FIG. 1 is a block diagram schematically showing an ignition timing control device according to an embodiment of the present invention, FIG. 2 is a flowchart showing an operation sequence of the present invention, and FIG. 3 is target ignition to which ignition timing stopping processing is applied. FIG. 4 is an explanatory diagram showing a time range corresponding to a reference position detection signal waveform, FIG. 4 is a waveform diagram showing a reference position detection signal and an ignition coil current according to the present invention, and FIG. 5 is a waveform diagram showing a conventional reference position detection signal.
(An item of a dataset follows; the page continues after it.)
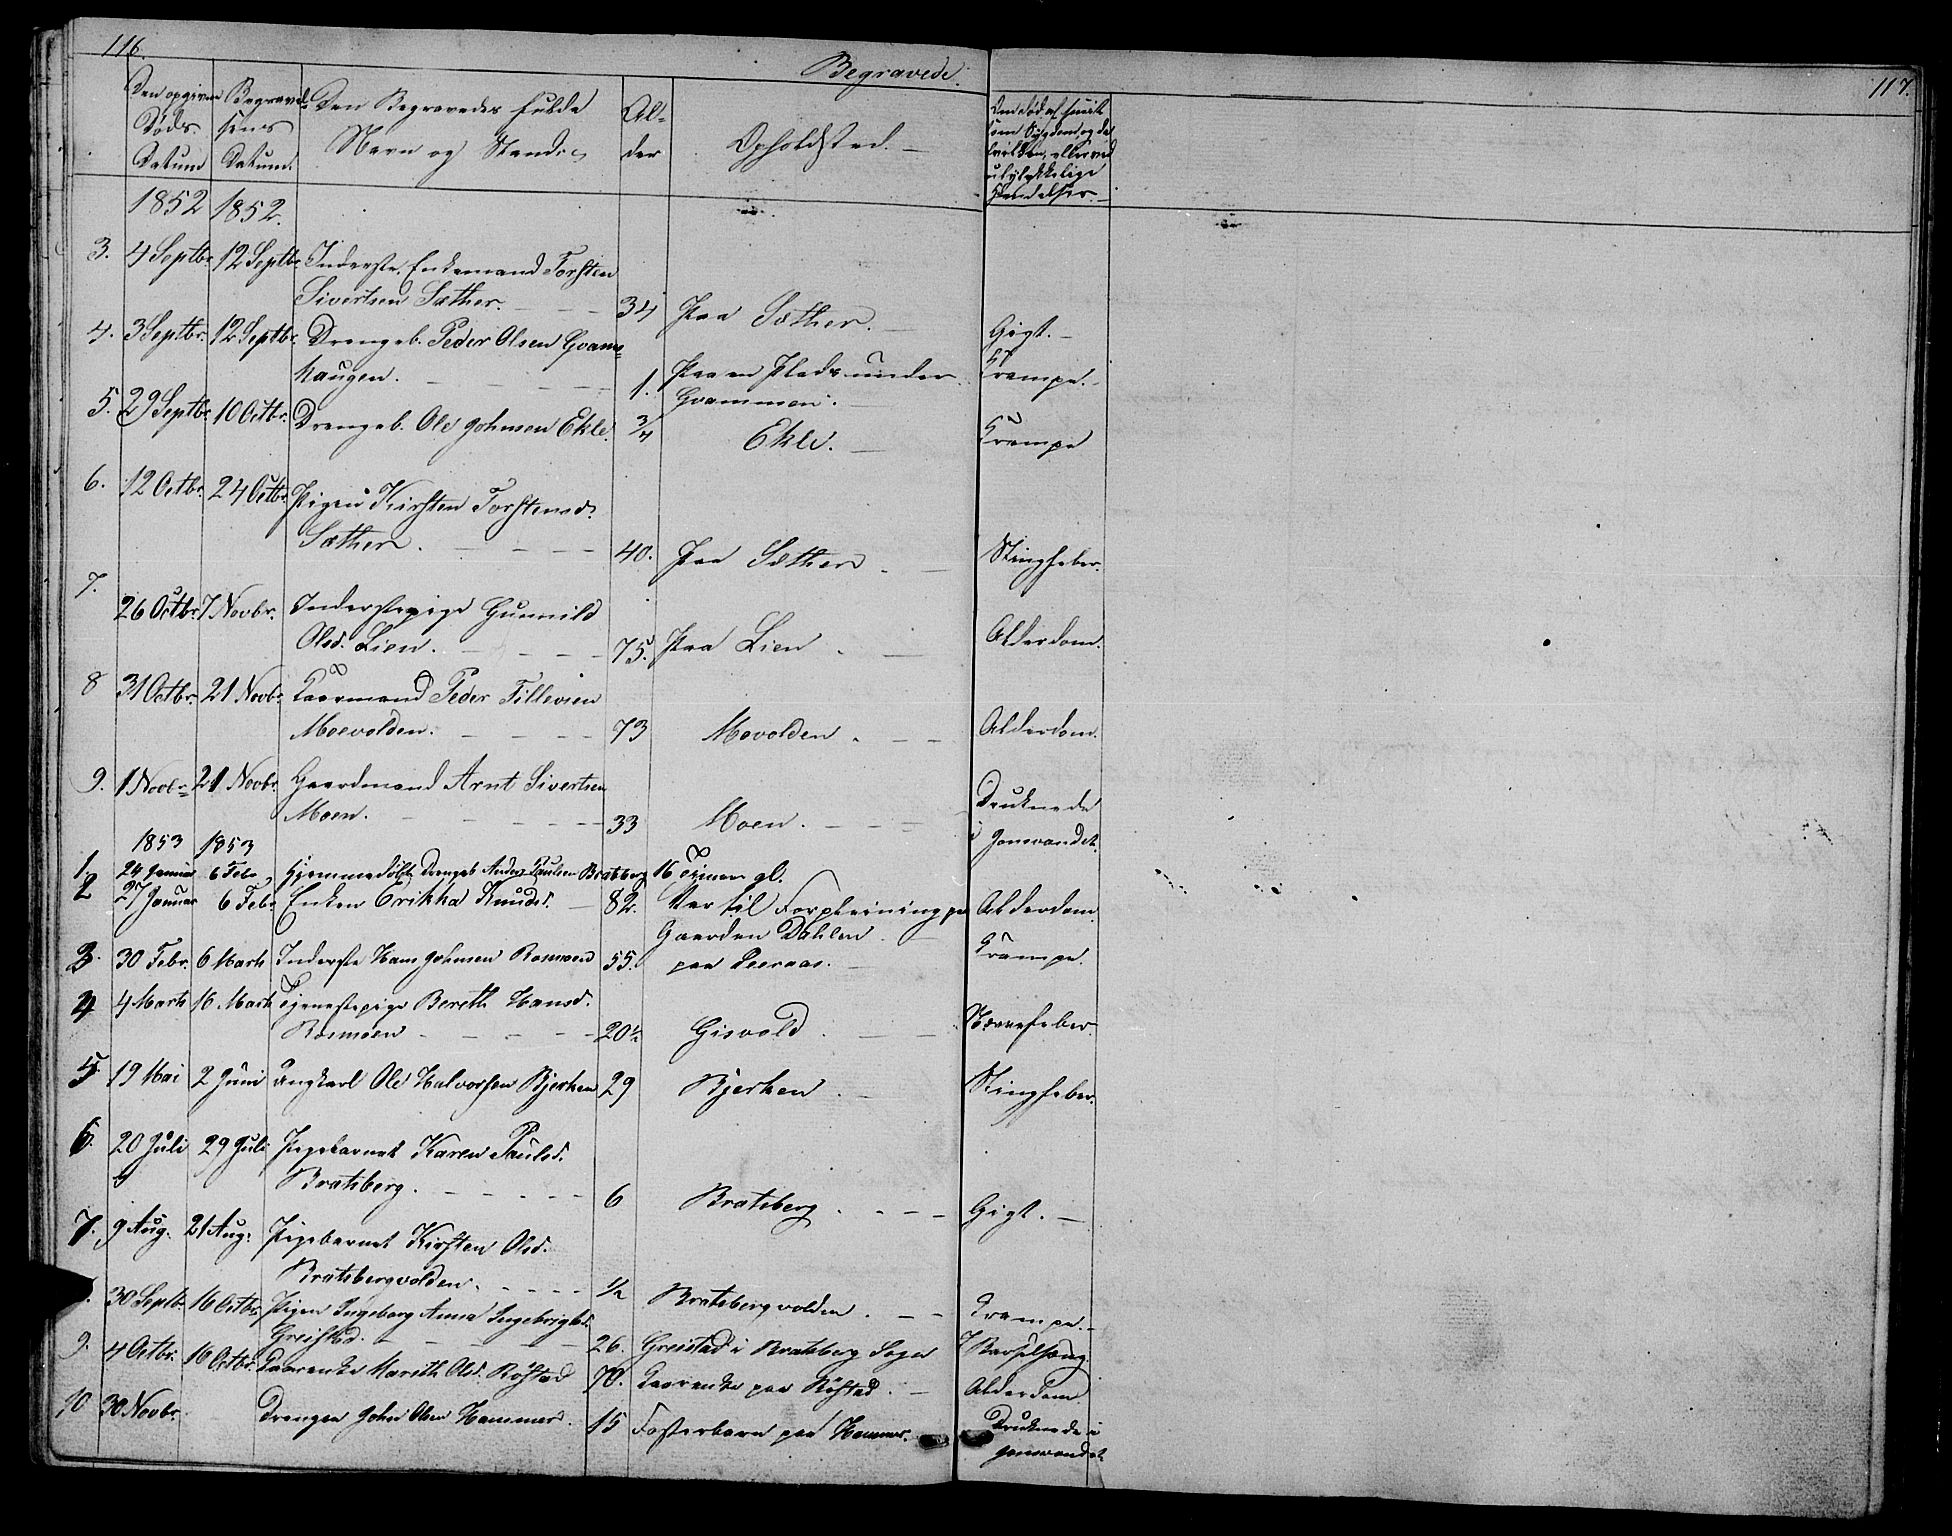 SAT, Ministerialprotokoller, klokkerbøker og fødselsregistre - Sør-Trøndelag, 608/L0339: Klokkerbok nr. 608C05, 1844-1863, s. 116-117
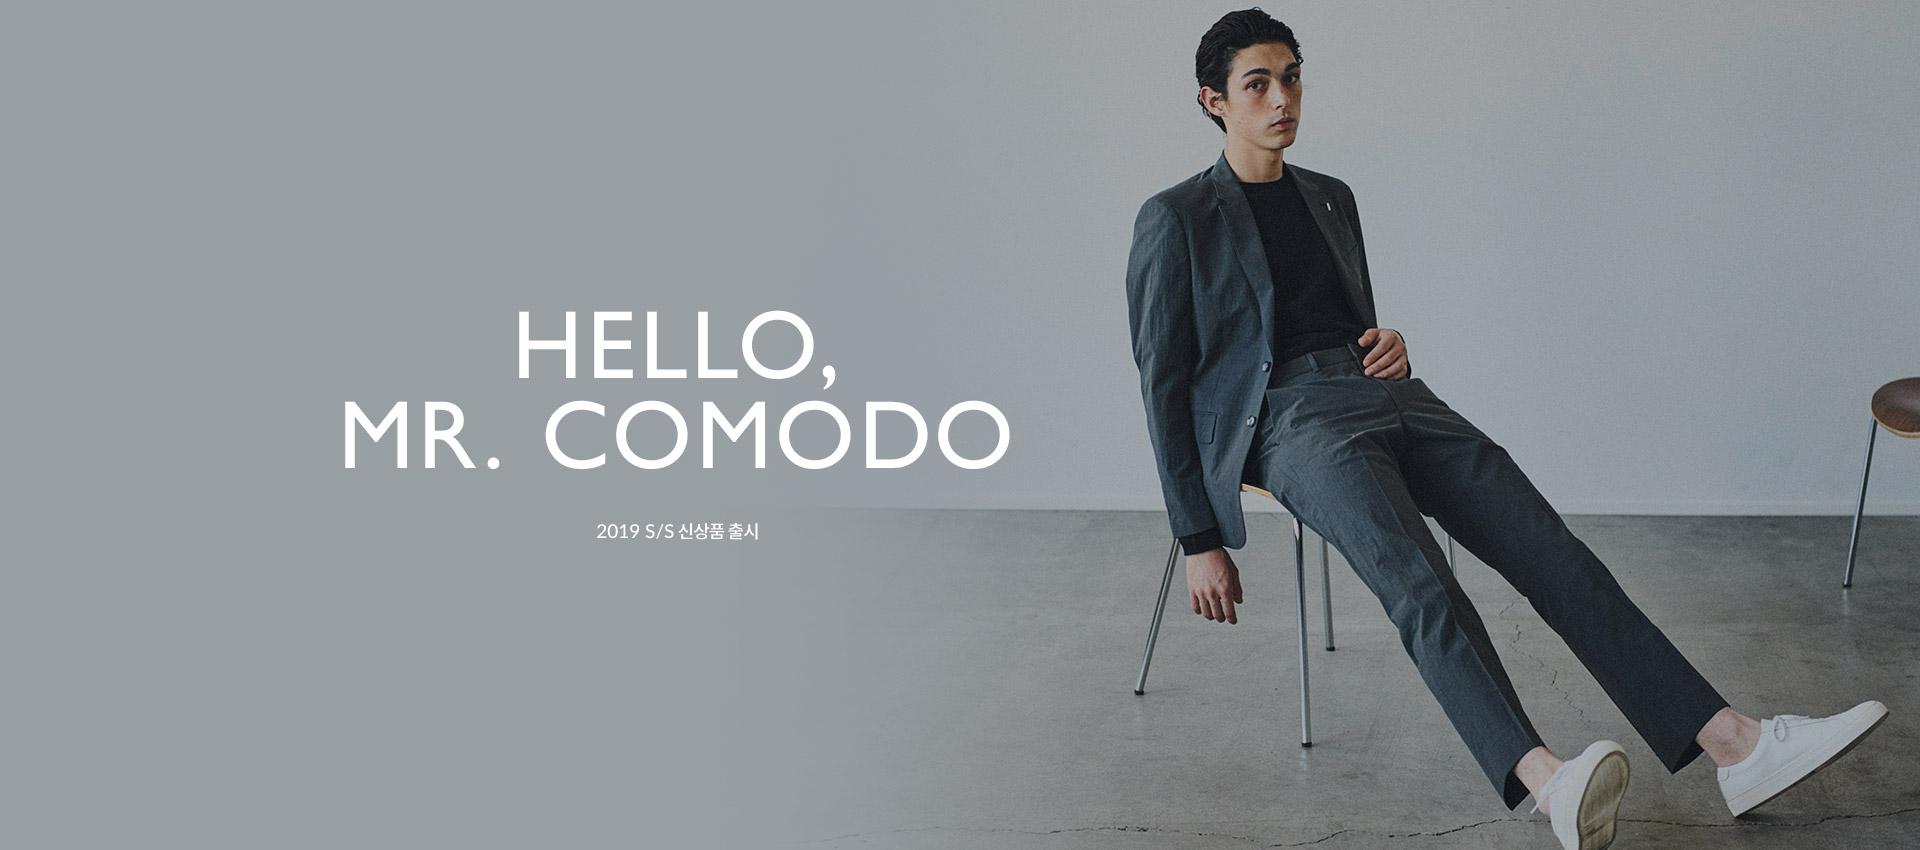 Hello, MR. COMODO

FIG. 6 is a waveform diagram of a reference position detection signal and an ignition coil current of a conventional device having an ignition timing stopping function, and FIG. 7 is a reference when the second reference position is offset by a predetermined crank angle only in a specific cylinder. FIG. 6 is a waveform chart showing a position detection signal. (1) Rotation signal generator (4) Specific cylinder identifying means (5) Offset correction processing means (6) Ignition timing stop processing means (7) ... Ignition time and energization start time calculation means BTDC75 ゜: first reference position BTDC5 ゜, BTDC15 ゜: second reference position A ₀ ... target ignition timing range A ₁ to which ignition timing stop processing before offset correction processing is applied A1 ... after offset correction processing Target ignition timing range to which the ignition timing stopping process is applied S1 ... Step of determining cylinder identification confirmation S2 ... Step of determining a specific cylinder S3 ... Step of performing offset correction processing S4 ... Start of ignition timing stopping processing Steps In the drawings, the same reference numerals indicate the same or corresponding parts.

Claims (1)

(57) [Claims] An ignition timing is calculated based on reference position detection signals indicating predetermined first and second reference positions corresponding to respective cylinders in synchronization with rotation of an engine, and the first or second reference value is calculated. An ignition timing control device for controlling an ignition timing according to a time from a position, wherein a specific cylinder is identified by offsetting the second reference position of the reference position detection signal by a predetermined crank angle toward an advance side only in a specific cylinder. A specific cylinder identification means, and a target ignition timing is set for each cylinder at a more advanced side than a crank angle of the engine corresponding to a second reference position other than the specific cylinder, and the second reference position Ignition timing stop processing means for immediately igniting when the ignition has not yet been performed at the time of detection, and offset compensation for substantially delaying the ignition timing stop processing by the predetermined crank angle. Before the identification of the cylinder, the offset correction process is performed for each cylinder, and then the ignition timing stopping process is performed. After the identification of the cylinder is determined, the offset is performed for the specific cylinder. An ignition timing control device, wherein the ignition timing stopping process is performed after performing a correction process.